▶ **Directions**: Once the pictures are removed, reproduce what is left of the data below exactly.
### Data block
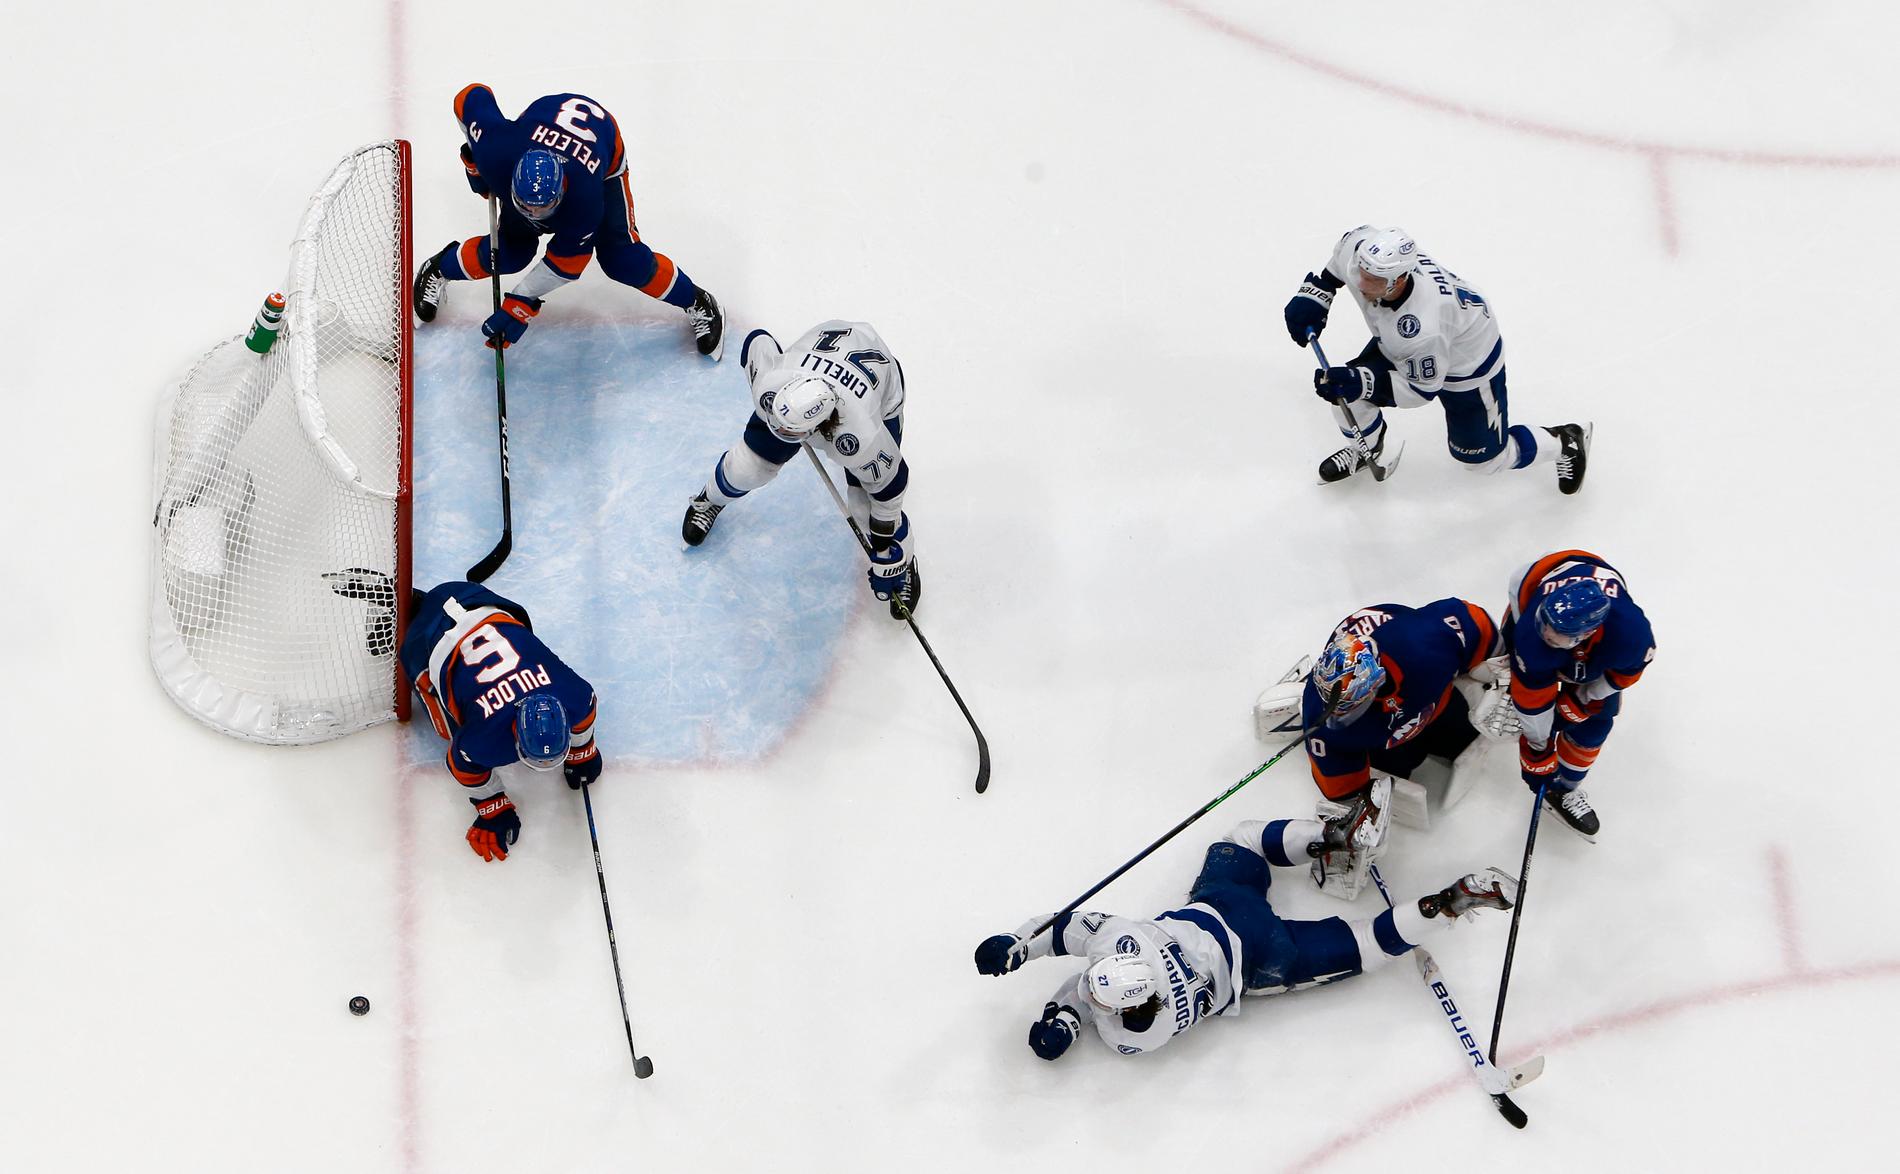 New York Islanders försvarare Ryan Pulock (6) blockerade ett skott från Tampa i slutsekunderna, efter att målvakten Semjon Varlamov råkat lämna målburen fri.
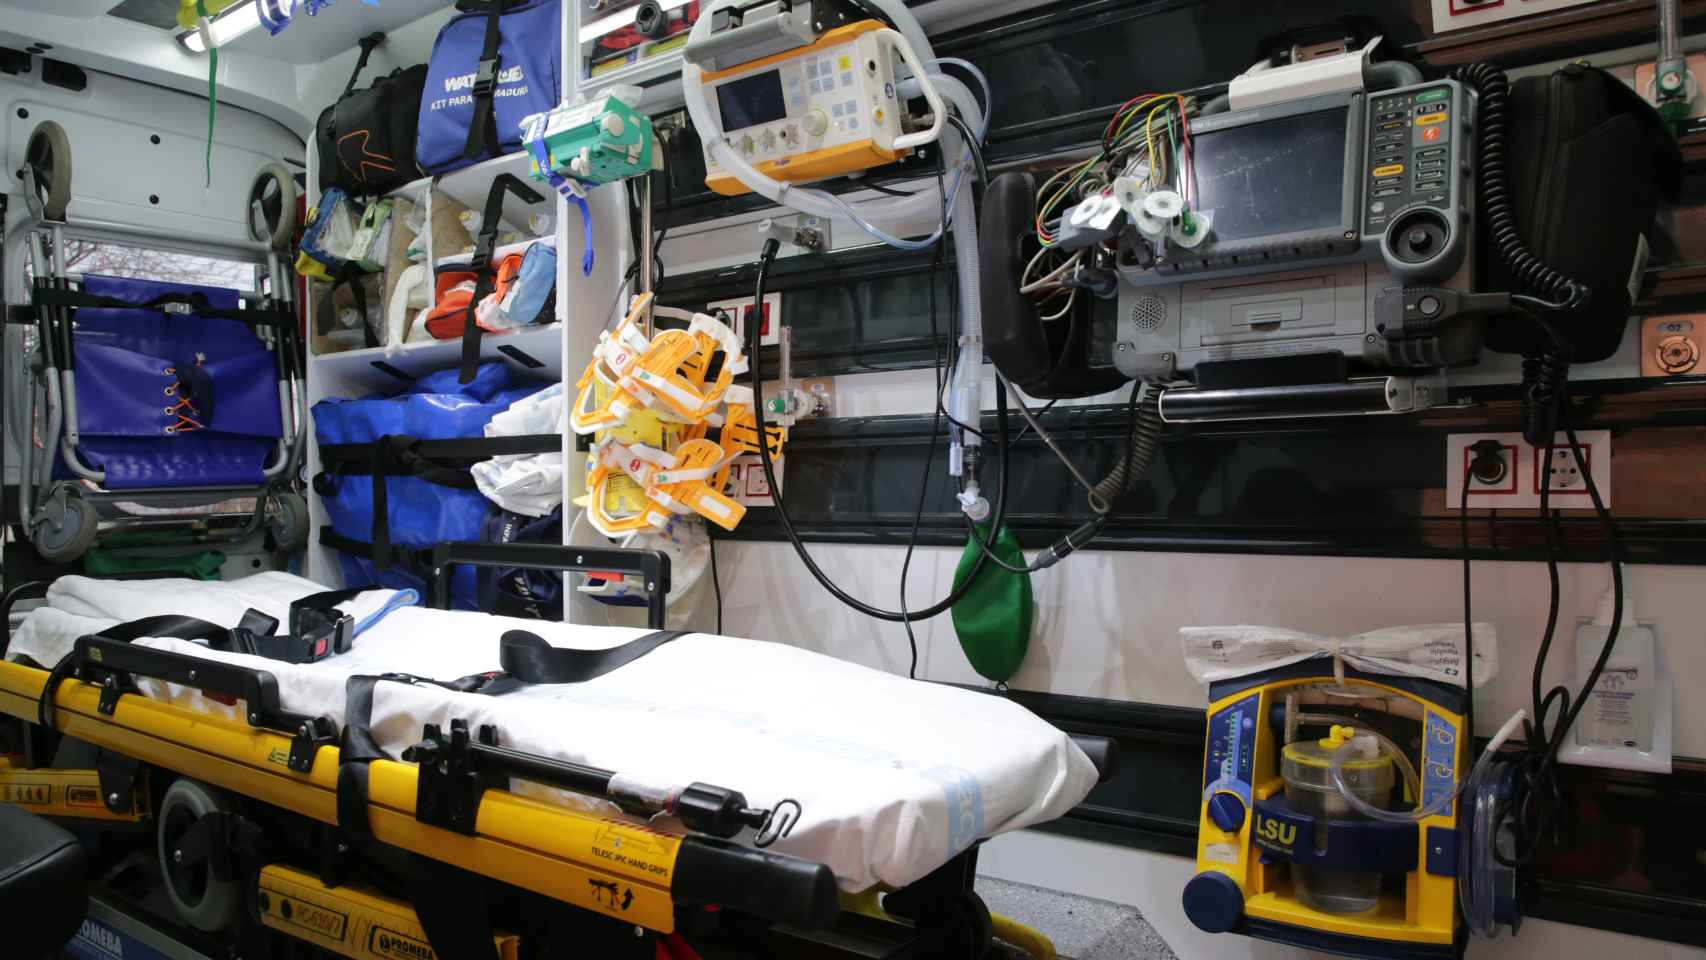 Interior de una ambulancia del 112 de Zamora
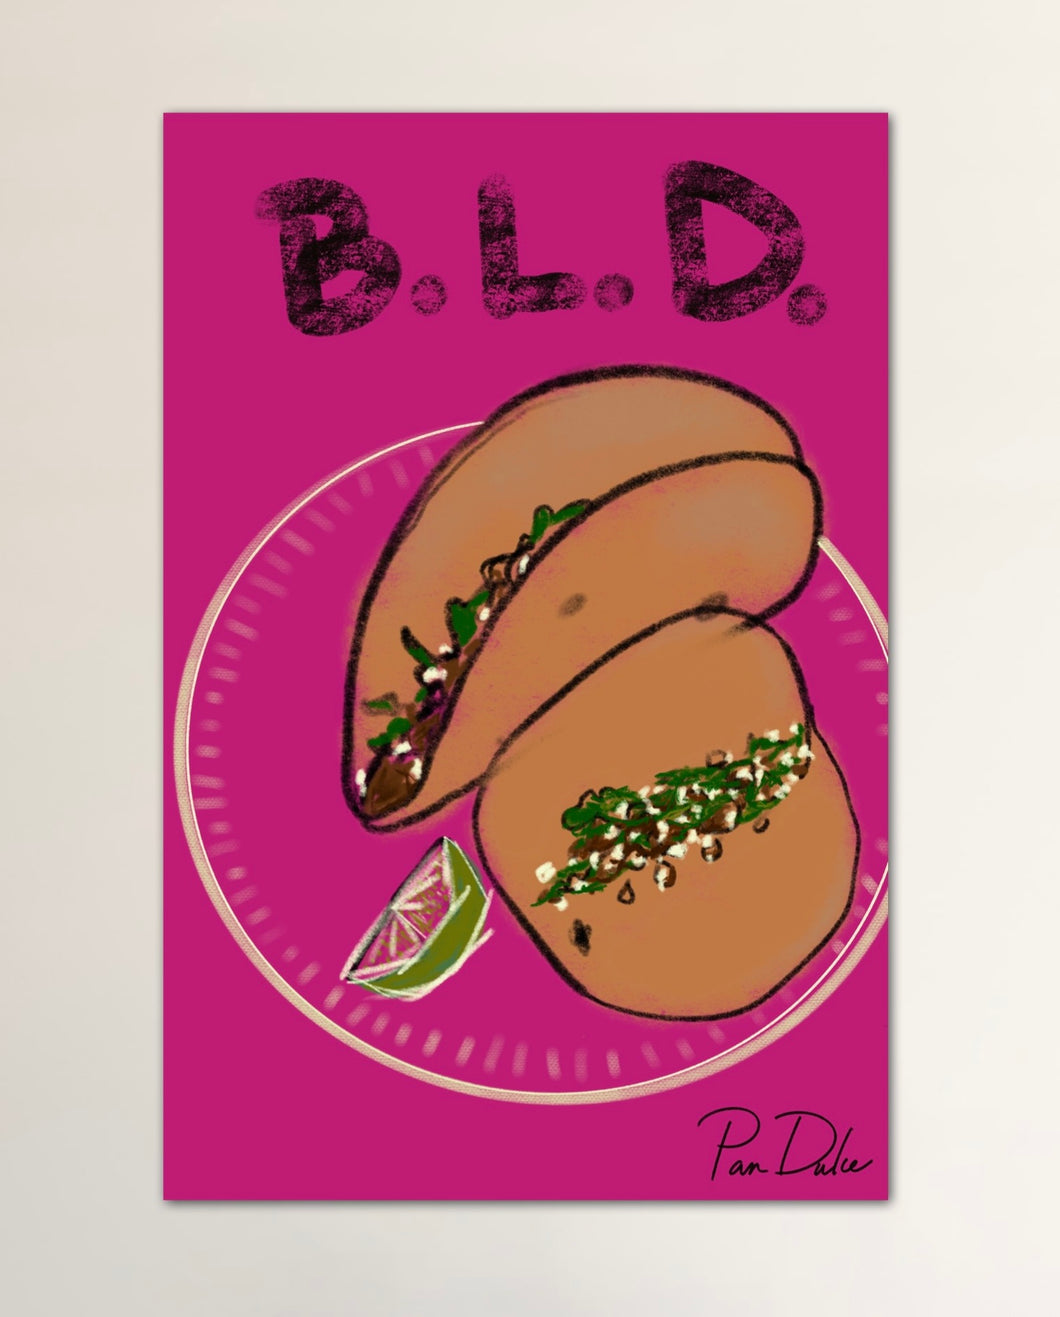 B.L.D Art by Pan Dulce
######
▶ **Result below**:
 New York Islanders försvarare Ryan Pulock (6) blockerade ett skott från Tampa i slutsekunderna, efter att målvakten Semjon Varlamov råkat lämna målburen fri.
 Interior de una ambulancia del 112 de Zamora
 B.L.D Art by Pan Dulce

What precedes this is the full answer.